"Nin, nanti malem ada acara nggak? Ada yang perlu gue omongin," ucap Ares saat menghampiri Nindya.
Biasanya Nindya lah yang mengajak Ares ngobrol atau jalan. Kini melihat Ares mendatanginya membuat Nindya tersenyum sumringah. "Nggak ada kok, Res. Mau ke mana?"
"Ketemu di Alibi bisa?"
"Ok. Lo langsung ke sana apa jemput gue dulu?"
"Langsung ketemu di sana ya, jam 7. Eh ya, ajakin sahabat-sahabat lo ya."

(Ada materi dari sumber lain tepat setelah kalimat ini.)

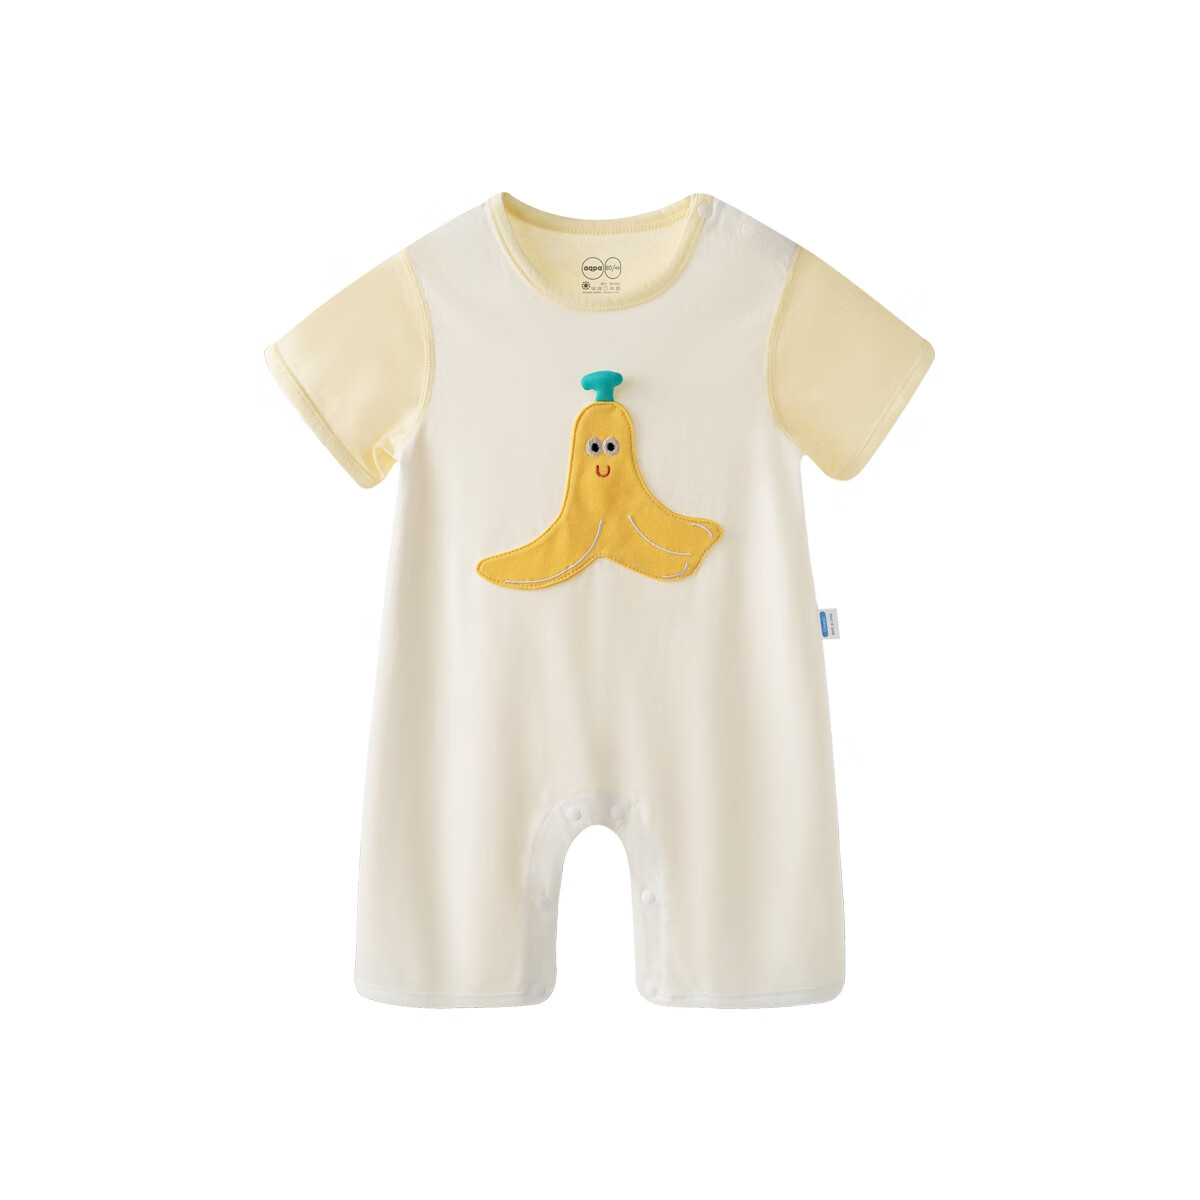 aqpa 爱帕婴儿短袖连体衣哈衣纯棉薄款肩开扣爬服 香蕉乐绣 90cm 55.25元

"Hah! Buat apa ngajak mereka?" Nindya mulai kebingungan. Yang dia khayalkan adalah jalan berduaan dengan Ares, kenapa Ares malah minta sahabatnya ikut?
"Gue mau traktir tapi nggak usah bilang gue yang ngajak ya, takut pada nggak enak." Ares lantas berlari menuju mobil di mana Lulu dan Letta menunggu. Lulu sendiri sedang asyik memainkan ponsel, sementara Letta menatap Ares dengan perasaan aneh yang belum bisa dia pahami.
***
-Alibi, pukul 18.45-
Ares yang sudah tiba terlebih dulu memilih meja di bagian pojok kanan, yang terlihat masih sepi dan bisa menampung beberapa orang sekaligus. Ares sengaja memesan minum dan cemilan dulu untuk mengganjal perutnya ... dan emosinya.
Nindya memasuki cafe dengan senyum yang membingkai wajahnya, diikuti dua orang cewek yang wajahnya berubah pias ketika melihat Ares ada di sudut ruangan, sedang menatap mereka.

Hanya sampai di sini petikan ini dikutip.